Week 8 (Oct 22 - 26):  Yesterday, Monday, I went to Hohoe to print off and mail my absentee ballot.  GO OBAMA! I also visited the market there and loaded up on vegetables and peanut butter.  I searched for an Obama shirt, but apparently they are only available in Accra.  For those of you who haven't been to Ghana and seen the Obama shirts, they are awesome!  They are red, white, and blue; they have a bunch of stars; they say "44th President of the United States: Barack Obama;" and they have a great picture of Mr. President himself right on the front.  I was really hoping I could get a sleeveless one just because they're so good.
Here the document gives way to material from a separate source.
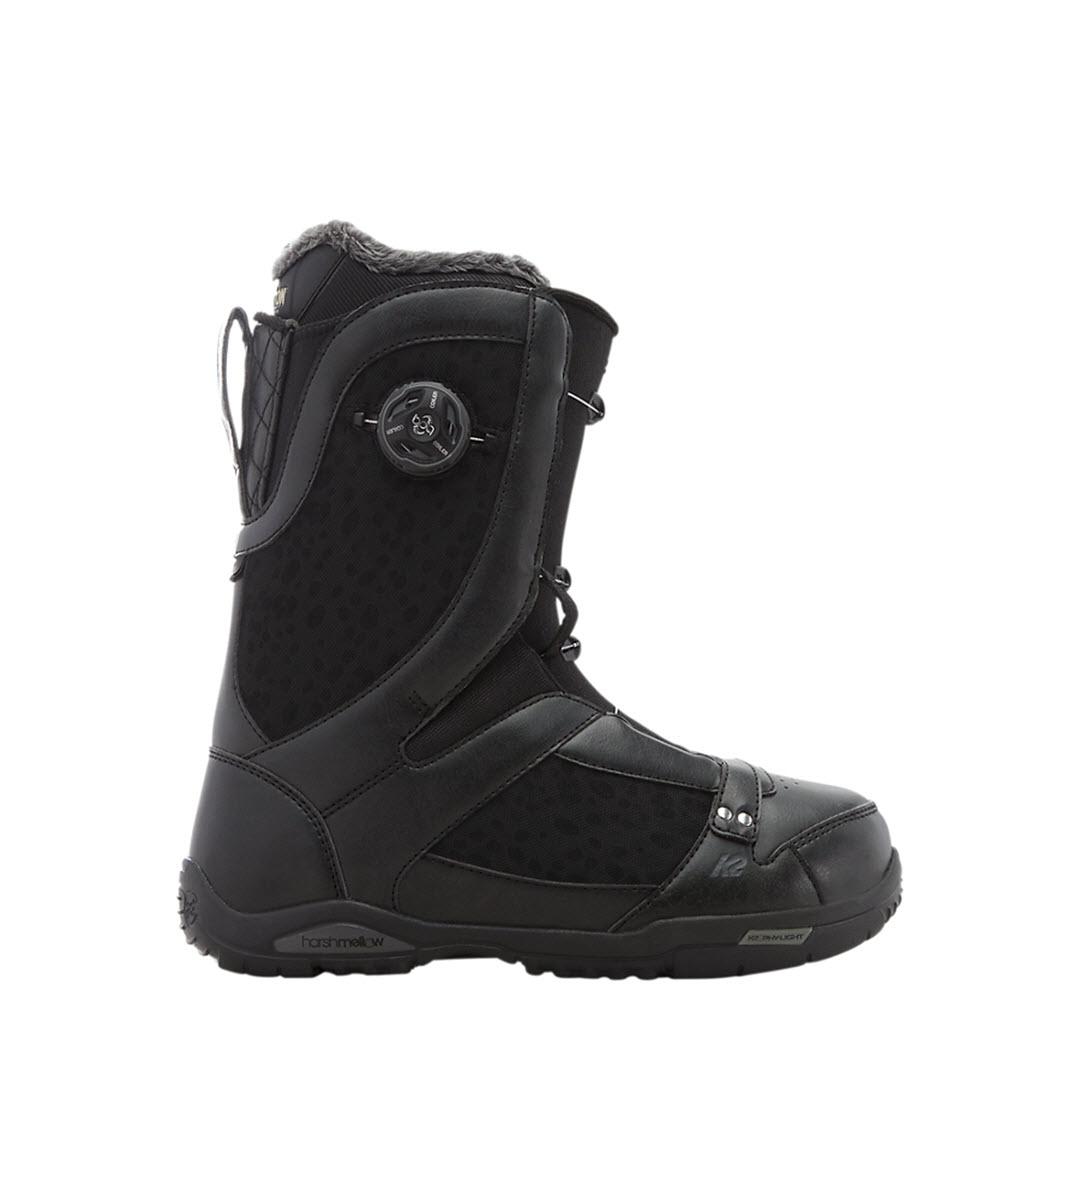 K2 Sapera Womens Snowboard Boots 2017 Black UK 5

Today, I woke up with a pretty sore throat after a night of fitful sleep.  I was feeling chilled and feverish, and I genuinely thought I would be sick this morning.  After drinking some water and eating an egg sandwich, I made enough of a recovery to get psyched up for school.  Classes actually went pretty well today, and I laid down the law in my math class.  Almost half the class now has a nice sized portion of grass to weed because they were being a little too talkative.
So phew! That's a brief synopsis of the last eight weeks.  Thanks for reading, and it's great to hear that people enjoy my blog.  Please let me know if there's anything in particular you want to hear about because I do take requests :)
PS. I bought some chicken sausages yesterday in Hohoe and cooked two of them last night.  I ate them with ketchup and onion on some bread.  I'm pretty sure it was the best hotdog I've ever had.  I miss American food.  Especially meat and junk/fast food.